MATERIAL SUPPLIED
▶
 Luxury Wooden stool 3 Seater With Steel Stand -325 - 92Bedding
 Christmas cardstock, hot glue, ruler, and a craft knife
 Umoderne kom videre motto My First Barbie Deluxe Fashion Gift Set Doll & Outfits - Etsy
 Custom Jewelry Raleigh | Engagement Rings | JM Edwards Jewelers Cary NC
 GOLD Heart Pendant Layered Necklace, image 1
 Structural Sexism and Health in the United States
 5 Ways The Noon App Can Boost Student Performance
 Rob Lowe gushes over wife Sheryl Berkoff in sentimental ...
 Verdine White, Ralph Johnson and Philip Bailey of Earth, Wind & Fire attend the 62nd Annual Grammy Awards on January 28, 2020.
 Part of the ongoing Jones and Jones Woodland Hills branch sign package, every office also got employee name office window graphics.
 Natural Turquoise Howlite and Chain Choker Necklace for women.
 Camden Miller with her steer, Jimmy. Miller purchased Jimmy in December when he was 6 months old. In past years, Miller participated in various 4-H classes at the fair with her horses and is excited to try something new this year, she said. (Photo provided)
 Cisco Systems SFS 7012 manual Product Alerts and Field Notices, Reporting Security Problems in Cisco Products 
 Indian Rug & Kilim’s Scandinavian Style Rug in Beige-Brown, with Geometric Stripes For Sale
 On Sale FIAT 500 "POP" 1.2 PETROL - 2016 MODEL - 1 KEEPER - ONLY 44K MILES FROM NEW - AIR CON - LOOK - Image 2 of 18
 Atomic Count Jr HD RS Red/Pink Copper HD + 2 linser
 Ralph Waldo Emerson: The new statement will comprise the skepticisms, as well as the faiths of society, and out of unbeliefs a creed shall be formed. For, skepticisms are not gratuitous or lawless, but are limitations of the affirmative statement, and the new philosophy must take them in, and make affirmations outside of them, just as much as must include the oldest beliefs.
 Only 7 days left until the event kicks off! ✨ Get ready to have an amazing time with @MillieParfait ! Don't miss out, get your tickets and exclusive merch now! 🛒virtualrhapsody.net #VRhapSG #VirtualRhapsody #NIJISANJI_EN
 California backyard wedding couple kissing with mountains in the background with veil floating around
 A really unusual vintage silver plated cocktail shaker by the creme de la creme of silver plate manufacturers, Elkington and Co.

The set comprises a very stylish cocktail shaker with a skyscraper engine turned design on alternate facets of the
◀
Exact reproduction of the lines from the top of the material through the line where "Cisco Systems SFS" appears is required, both boundary lines included, with no other output.

 Luxury Wooden stool 3 Seater With Steel Stand -325 - 92Bedding
 Christmas cardstock, hot glue, ruler, and a craft knife
 Umoderne kom videre motto My First Barbie Deluxe Fashion Gift Set Doll & Outfits - Etsy
 Custom Jewelry Raleigh | Engagement Rings | JM Edwards Jewelers Cary NC
 GOLD Heart Pendant Layered Necklace, image 1
 Structural Sexism and Health in the United States
 5 Ways The Noon App Can Boost Student Performance
 Rob Lowe gushes over wife Sheryl Berkoff in sentimental ...
 Verdine White, Ralph Johnson and Philip Bailey of Earth, Wind & Fire attend the 62nd Annual Grammy Awards on January 28, 2020.
 Part of the ongoing Jones and Jones Woodland Hills branch sign package, every office also got employee name office window graphics.
 Natural Turquoise Howlite and Chain Choker Necklace for women.
 Camden Miller with her steer, Jimmy. Miller purchased Jimmy in December when he was 6 months old. In past years, Miller participated in various 4-H classes at the fair with her horses and is excited to try something new this year, she said. (Photo provided)
 Cisco Systems SFS 7012 manual Product Alerts and Field Notices, Reporting Security Problems in Cisco Products 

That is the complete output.